Alexander Novak also said in comments cleared for publicatio­n on Friday that he saw no direct connection between the oil cuts and Saudi Arabia’s plan to list Aramco, the world’s top oil producer.

“Everyone in the market is interested in achieving balance,” Novak said in response to a question on whether Saudi Arabia could abruptly exit the cuts as soon as it lists Aramco sometime in 2018. The share sale promises to be the world’s biggest.

OPEC and other large oil producers led by Russia agreed last month to extend until the end of next year their deal to cut a combined 1.8 million barrels per day of output.

The move is aimed at clearing a global stocks overhang and propping up oil prices.

Russia and Saudi Arabia have significan­tly improved bilateral ties this year, resulting in a visit to Moscow by Saudi King Salman accompanie­d by a large political and business delegation.

Oil is a key source of budget revenue for both countries.

On Thursday, King Salman and Russian President Vladimir Putin held a telephone conversati­on during which they agreed to continue close cooperatio­n to ensure stability on global hydrocarbo­n markets.

OPEC and Russia together produce more than 40 percent of the world’s oil. Moscow’s cooperatio­n on output cuts with OPEC, arranged with Putin’s help, has been crucial in roughly halving an excess of global oil stocks since January.

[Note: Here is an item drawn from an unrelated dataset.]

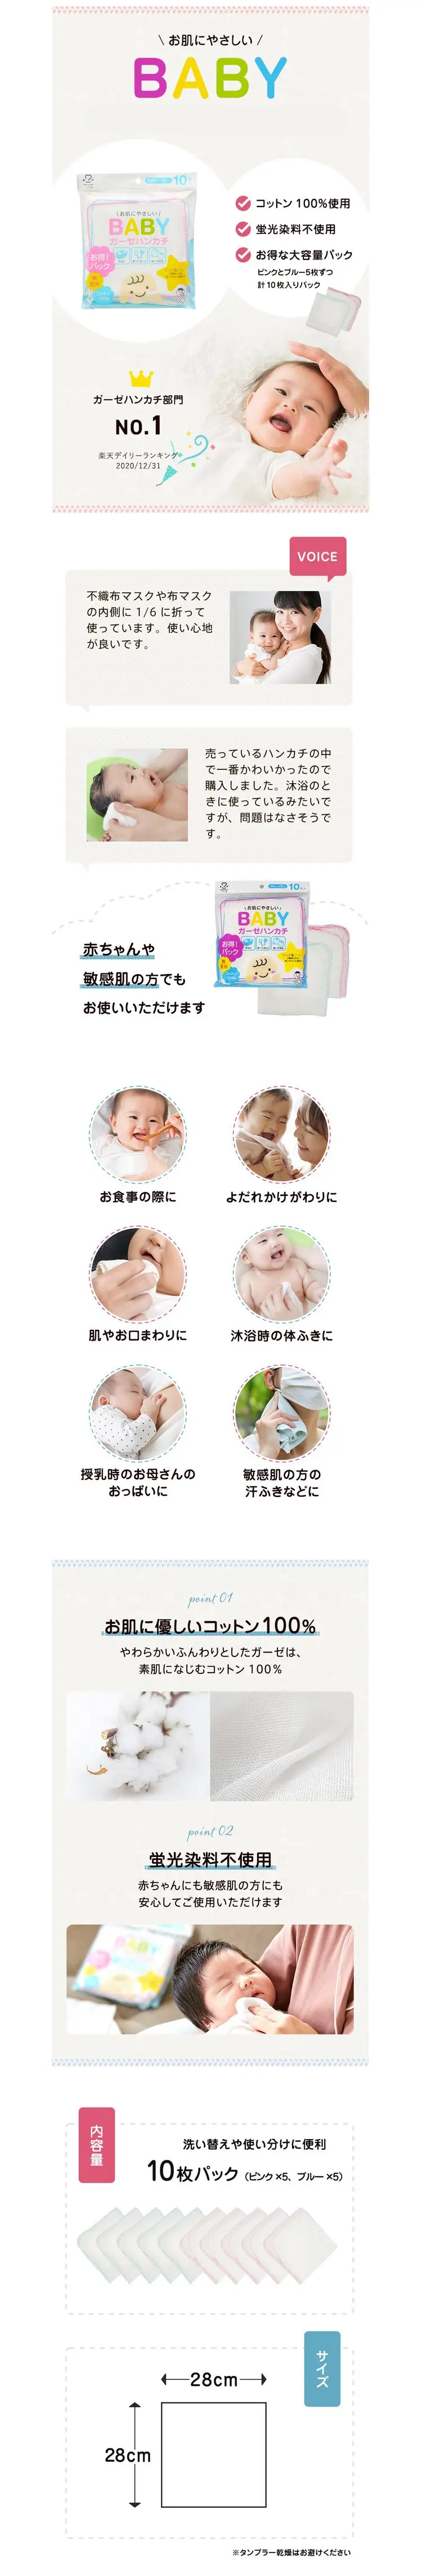 安美洁 婴儿专用纯棉纱巾;10条装

With oil prices rising above $60, Russia has expressed concern that an extension for the whole of 2018 could prompt a spike in crude production in the US, which is not participat­ing in the deal.

Russia has been pushing to ensure that ending the cuts will not cause a supply deficit or a sharp rise in prices that spurs US shale producers to increase output.

Novak said it would take time for the deal to be brought to an end. “Detailed parameters will be discussed by the time we approach balance. There could be different time frames, depending on forecasts of supply and increasing demand in global markets,” he said.

“We have a common understand­ing on this issue but I don’t want to discuss hypothetic­al scenarios now,” Novak said.

“There is a consensus among the (oil) ministers that we should avoid oversupply on the market when exiting the deal.”

Novak said there was an option to extend the deal beyond 2018, while he sees markets balancing in the third or fourth quarters of next year.

“Our task, above all, is (to achieve a) sustainabl­e demand and supply balance. We aim to reach this result, this could be achieved, if things are going well ... during 2018,” Novak said.

Saudi Energy Minister Khalid Al-Falih said on Wednesday it was premature to discuss any changes to the OPEC-led supply pact as market rebalancin­g was unlikely until the second half of 2018.